Today I saw the orthopaedic specialist to have his take on my MRI results. This time I was able to see the actual scan pictures & the improvement is amazing. The doctor said it has all but gone! There is still a small amount & I was aware that I will never be cured but its great to see how surprised the doctors are with the results. I always seem to be the exception to the rule & in these circumstances, I’m happy to be.

This means that all the feeling rubbish, needles, tablets & hospital admissions have been worth it. I have also been told by the orthopaedic specialist that my visits to him can now be reduced as there is no need for any surgical intervention.

Happy days 😊

Herceptin & Pertuzumab

Yesterday I had my 3 weekly dose of Herceptin & Pertuzumab. So I thought I’d share a couple of videos showing how each of the drugs work within my body. Pertuzumab is a relatively new drug & at the moment I am 1 of only 5 patients receiving it at my hospital. It works alongside the Herceptin (trastuzumab) to help stop the Cancer cells dividing & spreading.

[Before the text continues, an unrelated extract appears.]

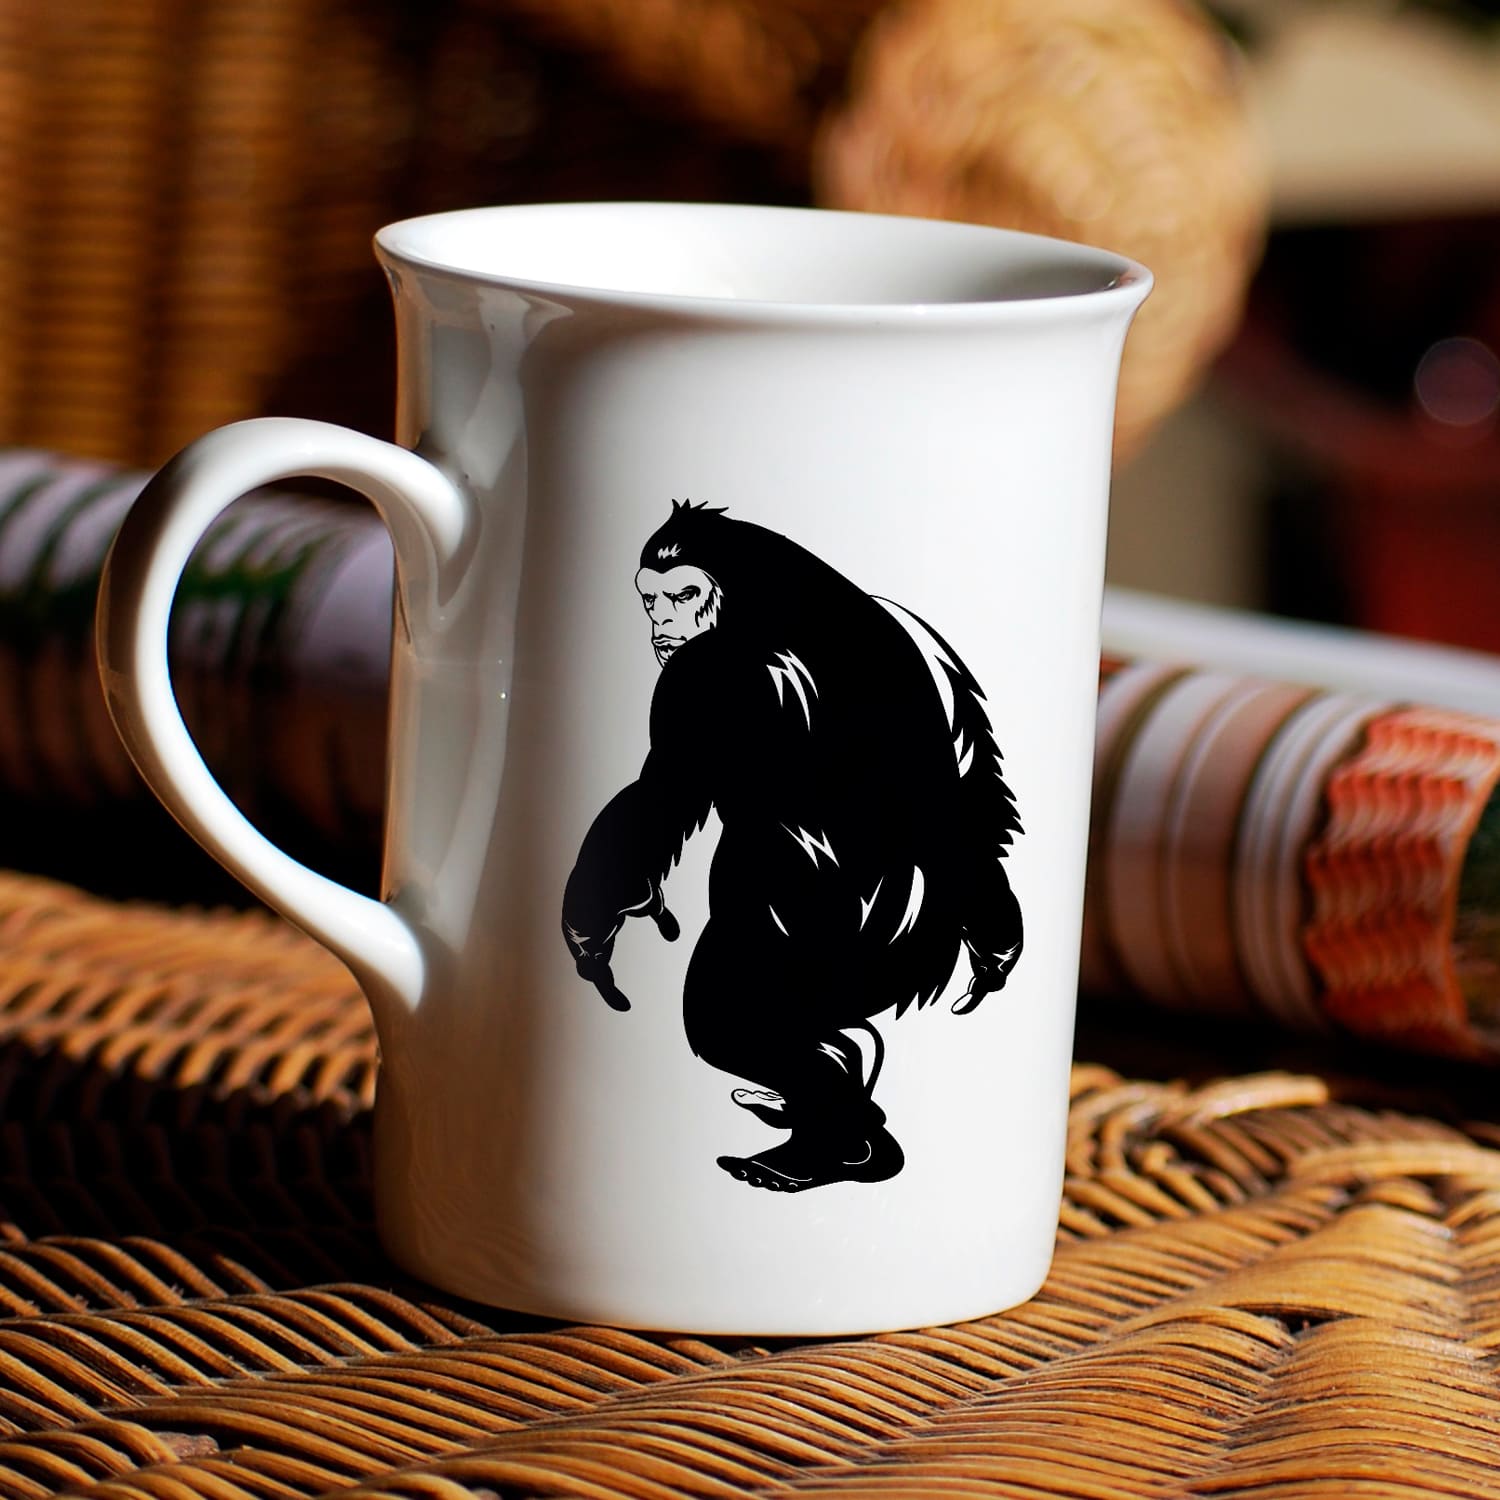 White coffee mug with a black gorilla on it.

http://vimeo.com/m/12434125

https://m.youtube.com/watch?v=e1jCDMNX4Zw

I did it!

Well I survived my weekend back to work!

I must admit I was exhausted (worked from 9:30pm to 12:30am) but I did it. I know it doesn’t sound like I did much but I’m still recovering from radiotherapy & I usually go to bed around 10pm. I really enjoyed it too. It was great to get out, earn some money & socialise (perks of being a photographer at a nightclub).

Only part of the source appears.